Senator Chuck Schumer (D-NY) said “3D printers are a miraculous technology that has the potential to revolutionize manufacturing, but we need to make sure they are not being used to make deadly, undetectable weapons.” Senator Schumer is correct: 3D printers are revolutionizing manufacturing and creating jobs. But he is wrong (as are Senators Markey and Blumenthal) that it is possible to prevent 3D printers from making guns, although it could me made illegal to do so (the Constitutionality of such a law would be a separate question). He was also wrong when he said that “This online site shows you, how at your home, with a simple 3D printer, you can make a plastic AR-15, an AR-10, a very dangerous semi-automatic assault-style weapons out of plastic in your own basement.” Only an AR-15 lower receiver can be 3D printed in plastic, with a home printer.
Any efforts by the States or the federal government to prevent Defense Distributed’s digital blueprints from being further disseminated are probably not good uses of resources because the designs are easily duplicated, are available from other sources, and are less sophisticated than other 3D printed weapons, components, and accessories, and their digital blueprints, which are available on the Internet.

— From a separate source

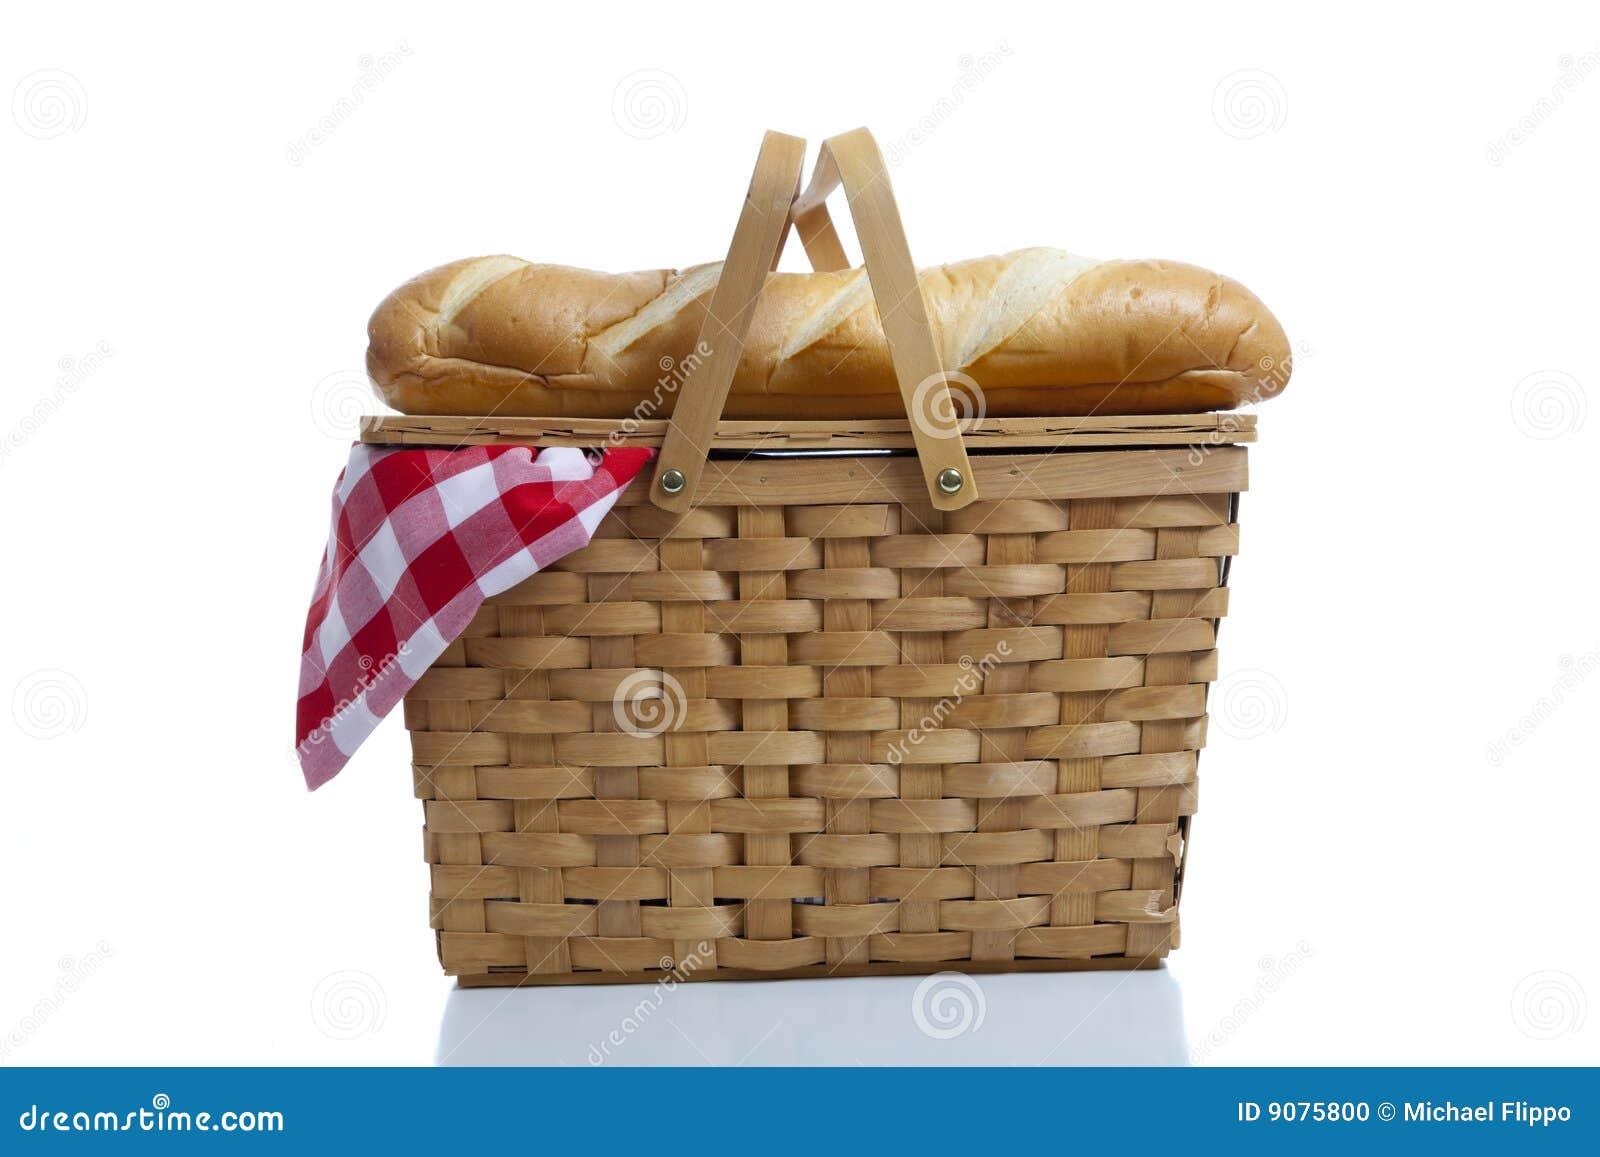 Picknick-Korb mit Gingham

It is also impossible to prevent a 3D printer from printing a weapon. As attorney Kelsey Wilbanks recently wrote “obtaining the digital instructions to print and assemble an undetectable and untraceable 3D printed gun will probably soon be as simple as ordering and assembling home furniture.” In other words, the cat can’t be put back in the bag.
John Hornick was a partner in the Washington, D.C. office of the Finnegan IP law firm (one of the largest IP firms in the world) for 25 years. John founded Finnegan’s 3D Printing Working Group, frequently speaks and writes on 3D printing, and is recognized as a thought leader in this space. He is the author of the book, 3D Printing Will Rock the World, which won a Silver Award from the Nonfiction Authors Association, has been called a “must-read” offering “rare insight into how 3D printing is redefining what can be designed and manufactured,” and was selected for the U.S. Special Operations Command’s 2017 Reading List (think Delta Force and Navy Seals) in the Disruptive Technology Category https://jsou.libguides.com/readinglists. His articles and videos have been widely published. He was the only IP attorney selected by the U.S. Comptroller General Forum on Additive Manufacturing (which was the basis of a report to Congress). John has served as a juror for the International Additive Manufacturing Award. John also educates the law enforcement community on 3D printing-related risks and benefits. The opinions expressed in this article are solely his own.